## [Prompt]
Pictures stay out of the copy; output exactly the lines from the one containing "Dolci alchimie ex" through the end of the material.

## [The data]
= = =

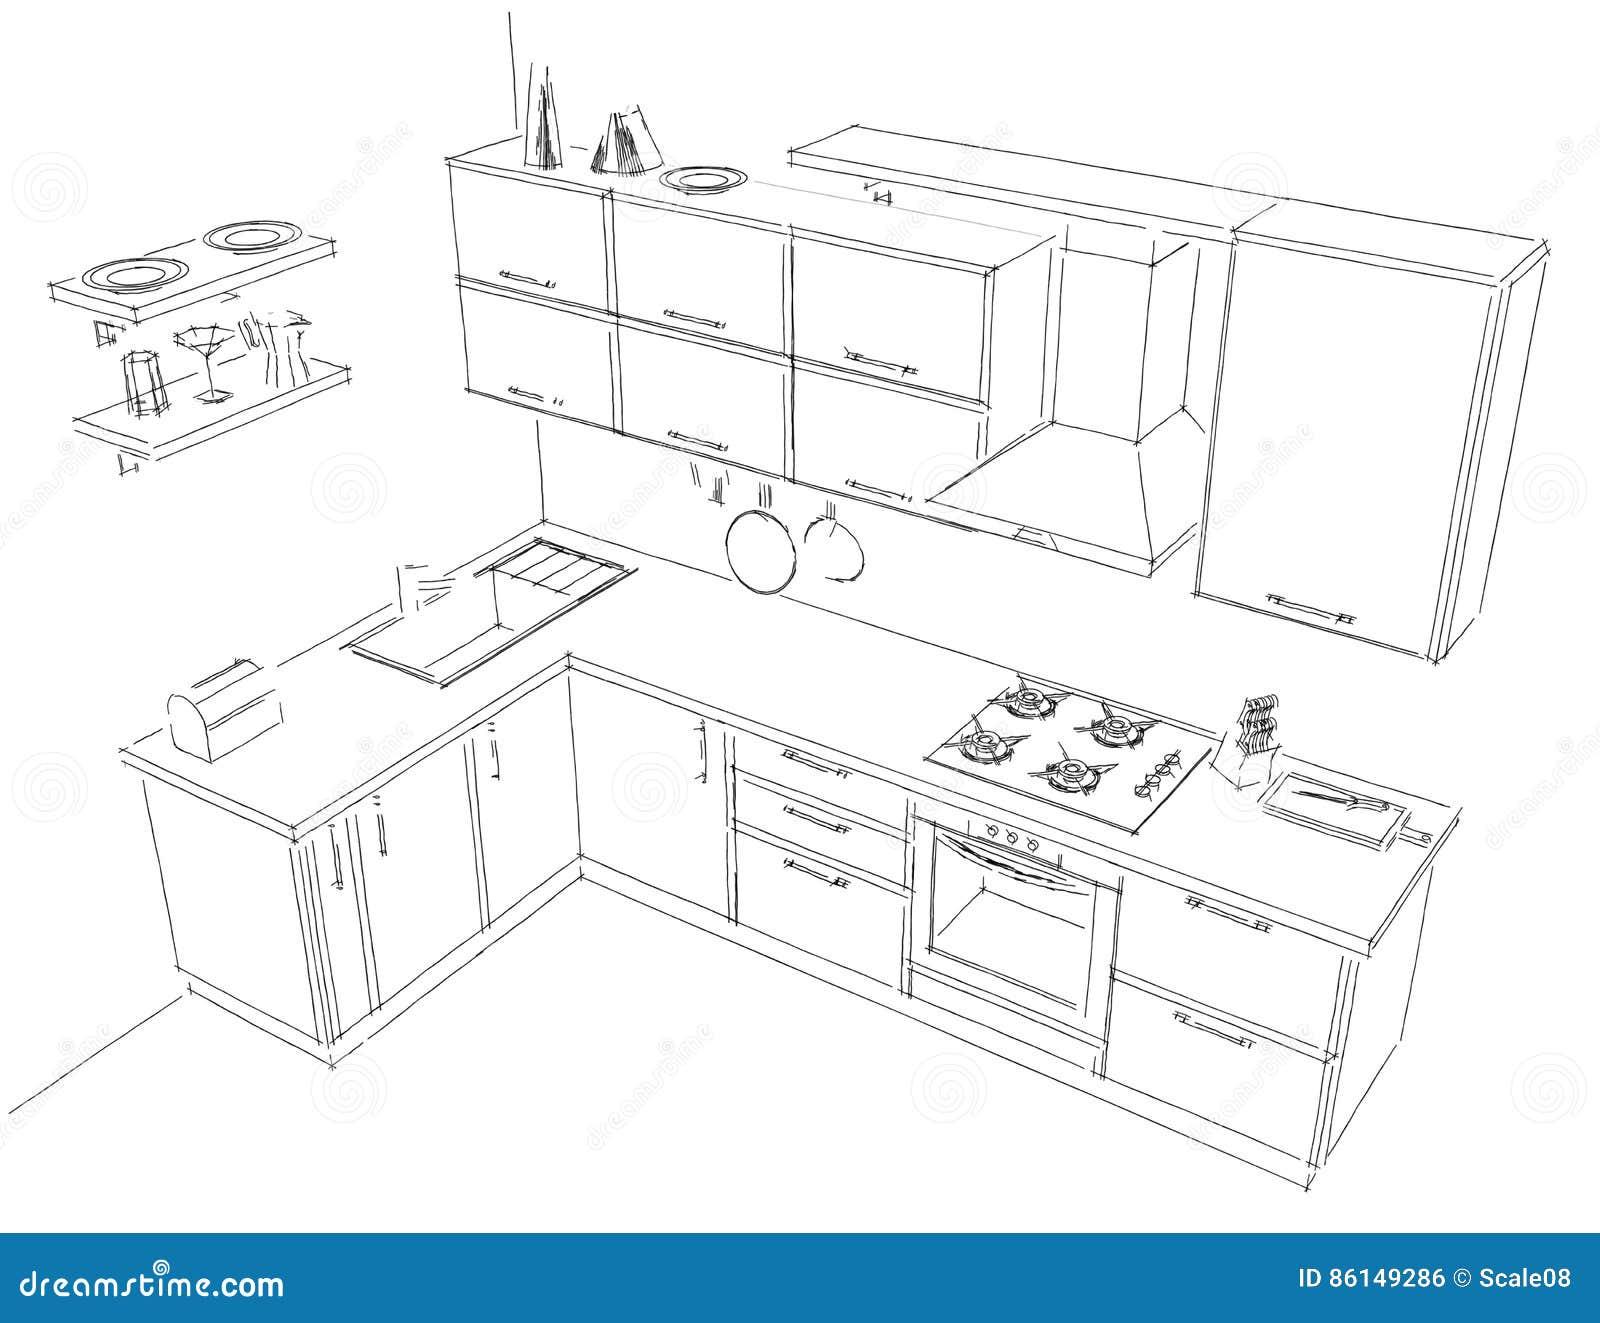 Dessiner cuisine 3d exceptional dessiner cuisine en d for Cuisine dessin 3d
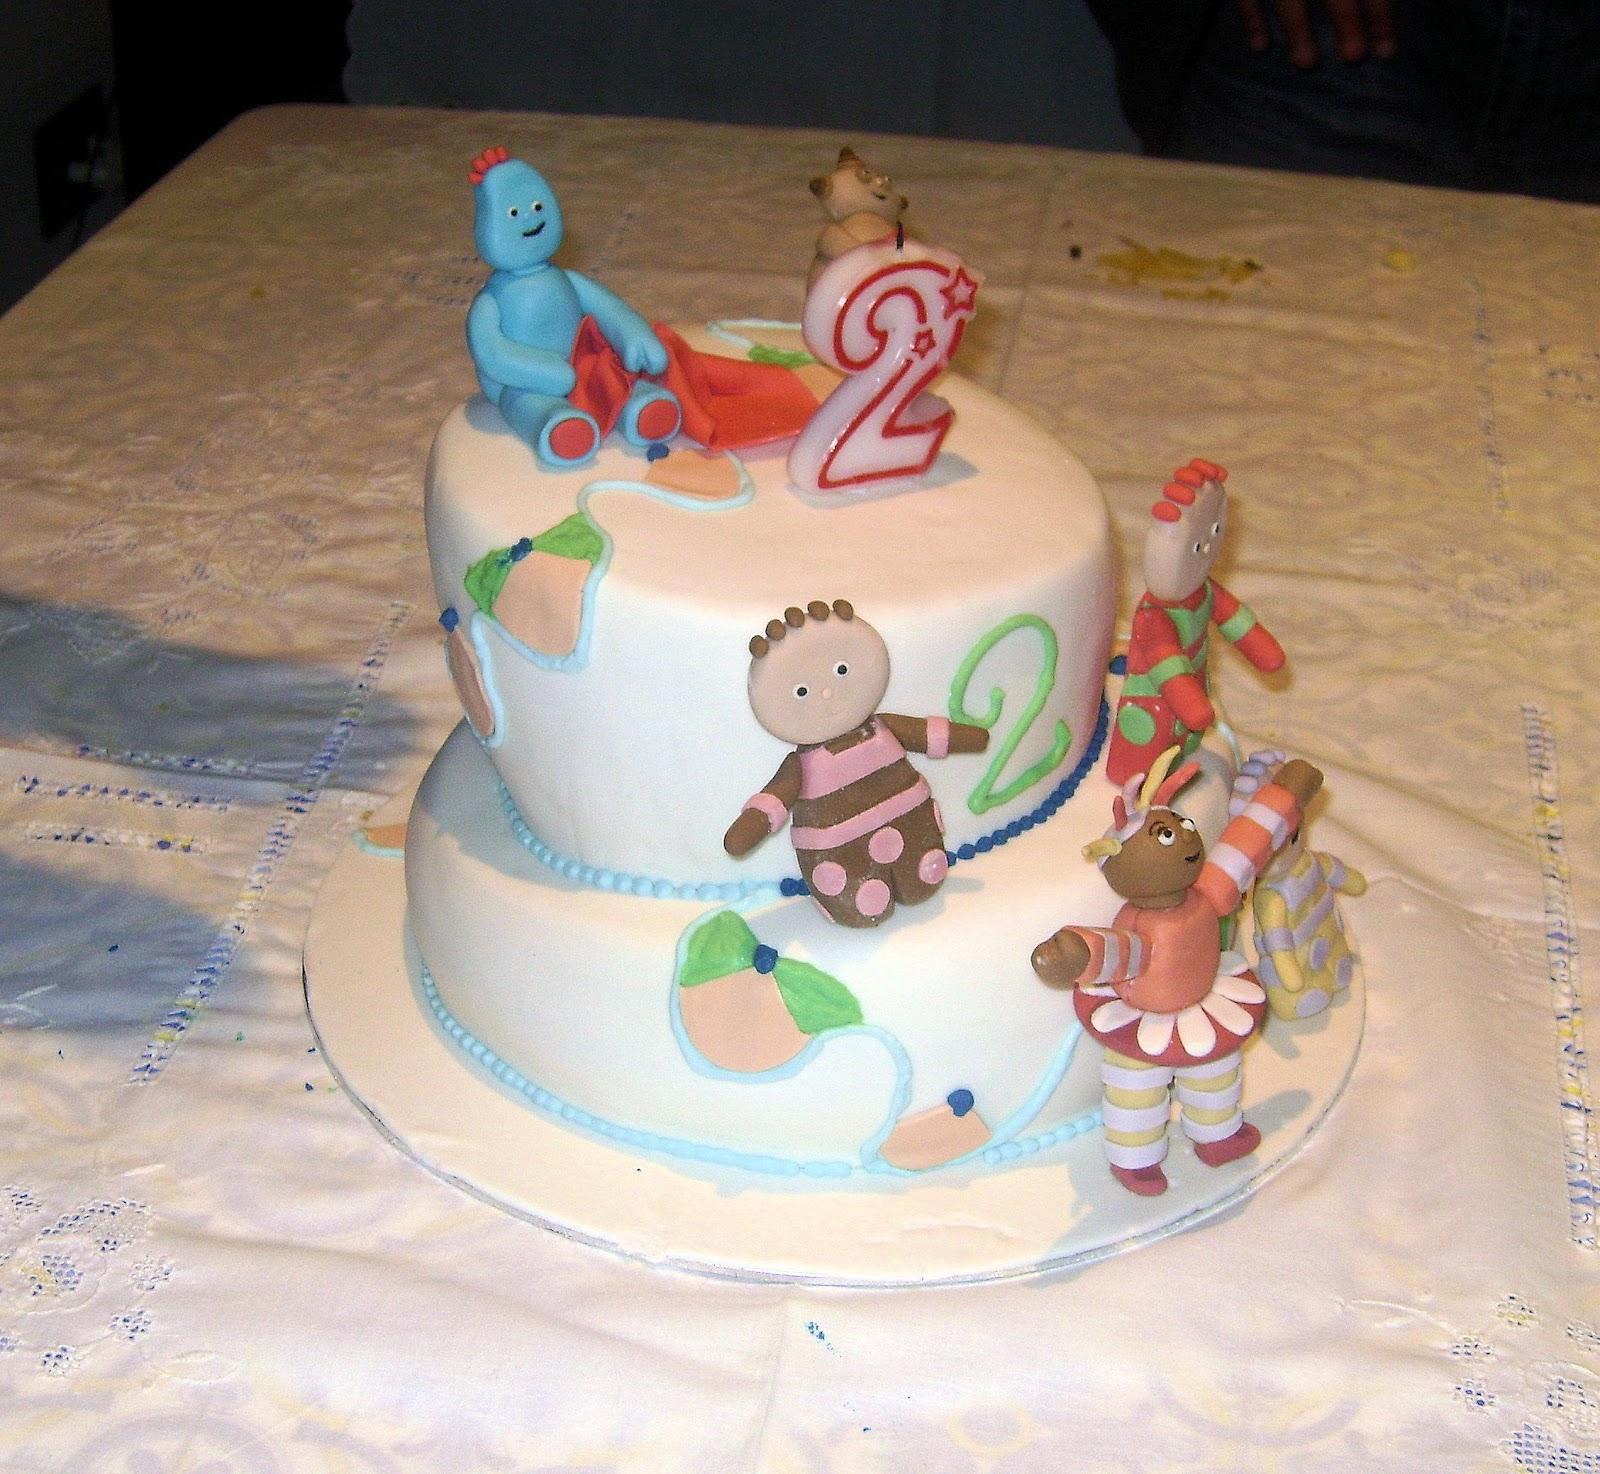 Dolci alchimie ex dolcementemartina wonky cake foresta
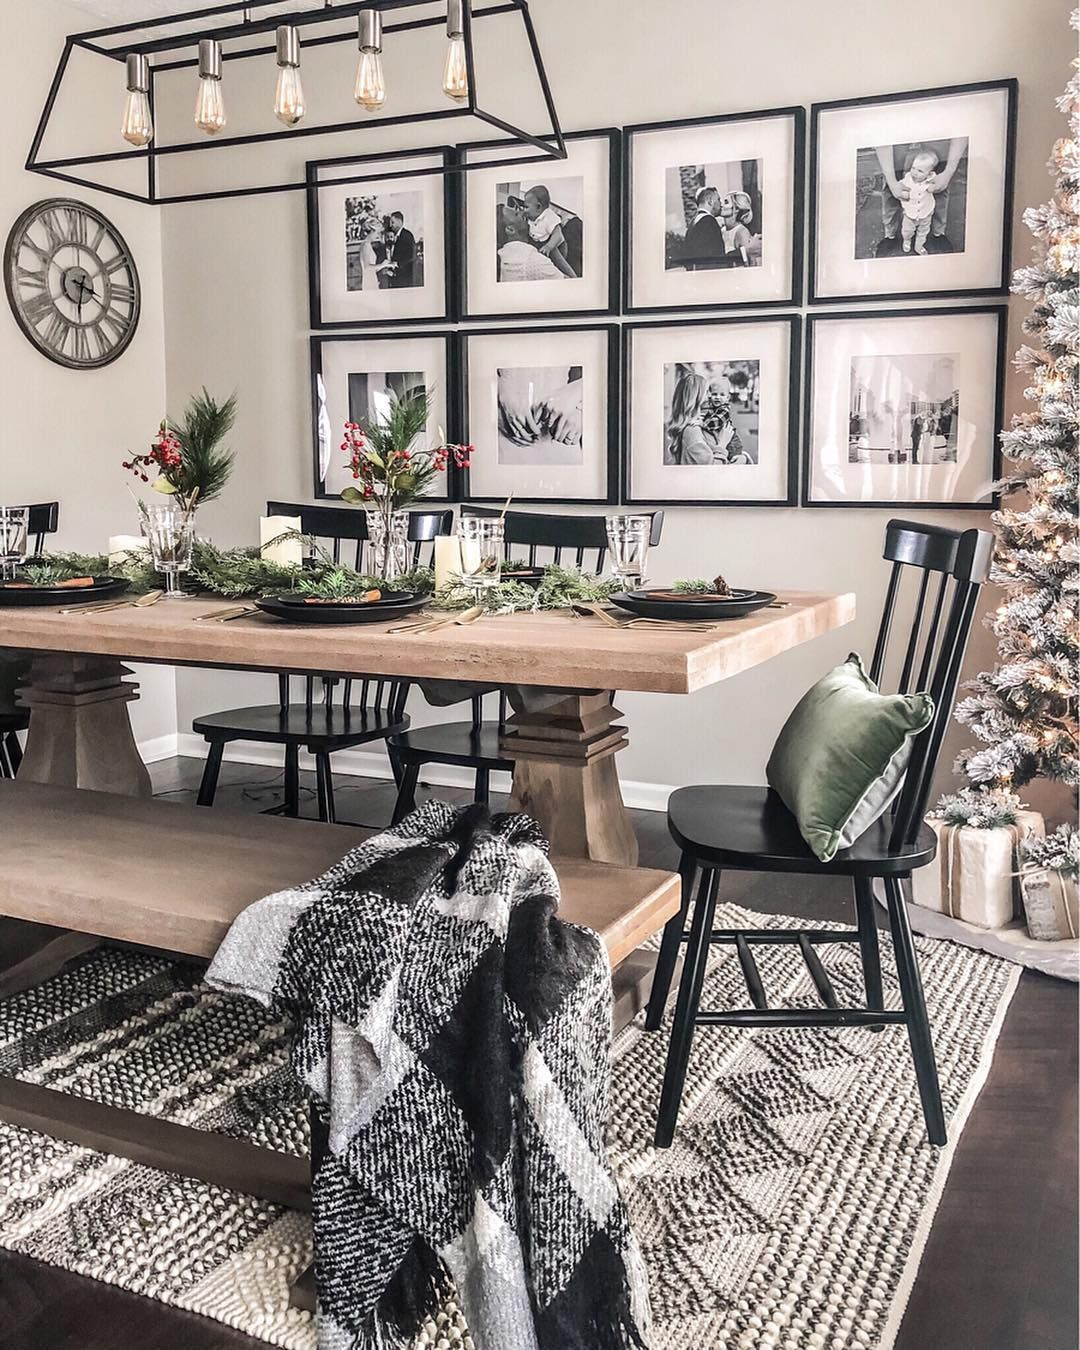 29+ Best Dining Room Wall Decor Ideas 2018 (Modern ...
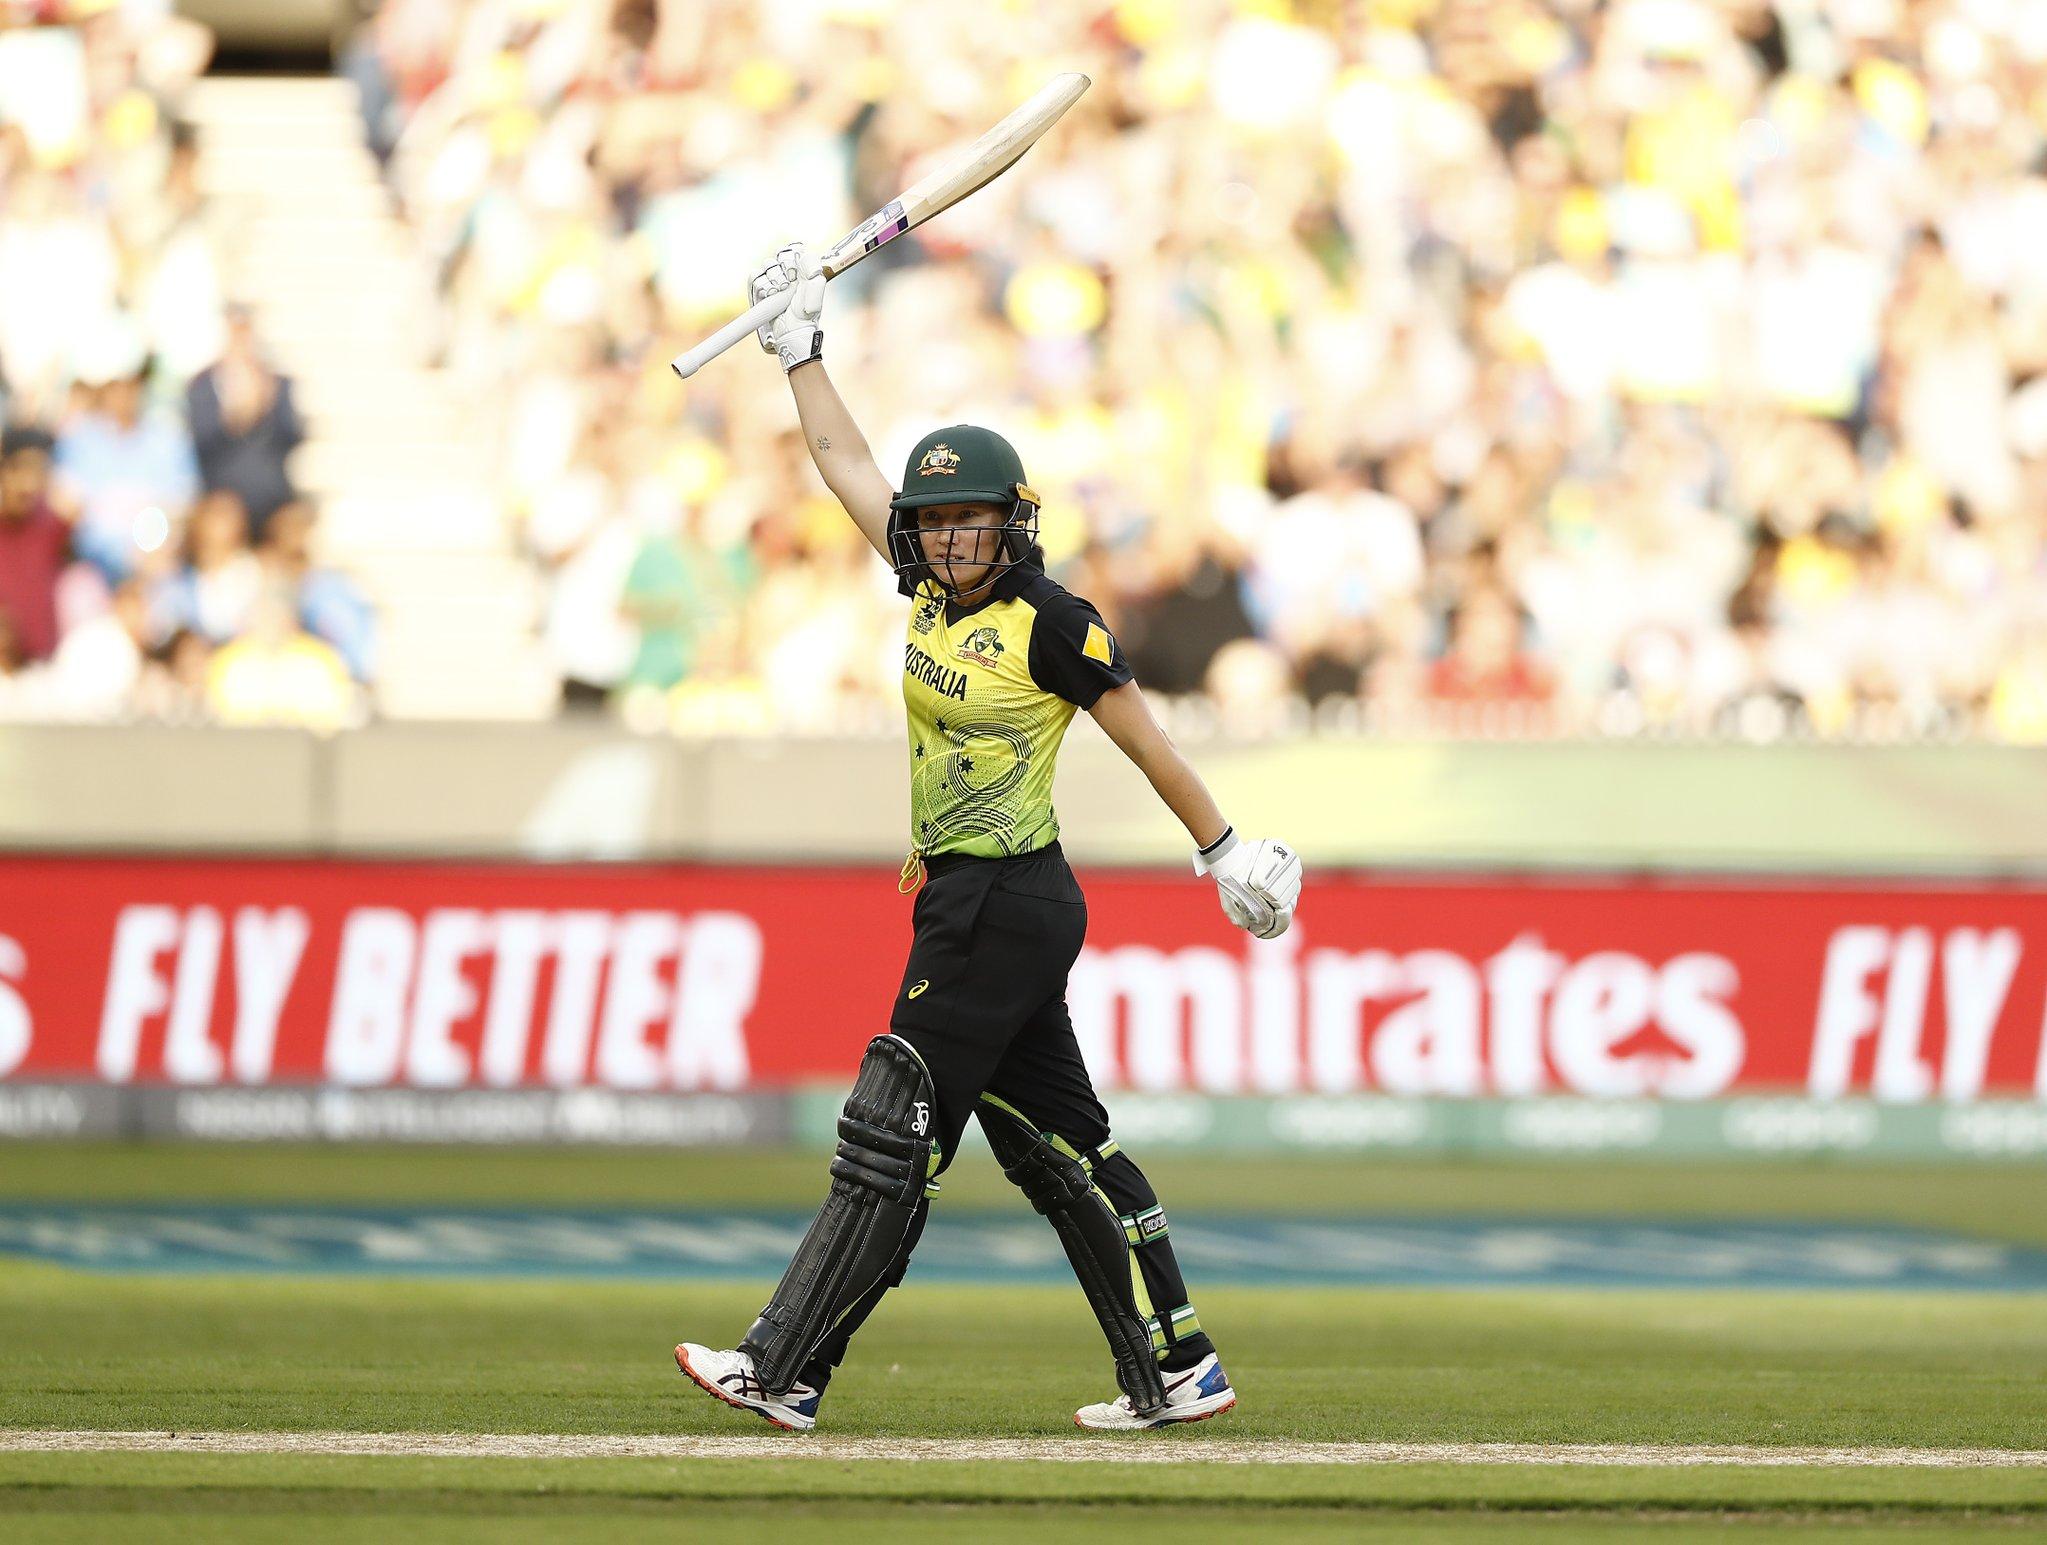 Healy scored 75 runs

= = =

## [Answer box]
 Dolci alchimie ex dolcementemartina wonky cake foresta
 29+ Best Dining Room Wall Decor Ideas 2018 (Modern ...
 Healy scored 75 runs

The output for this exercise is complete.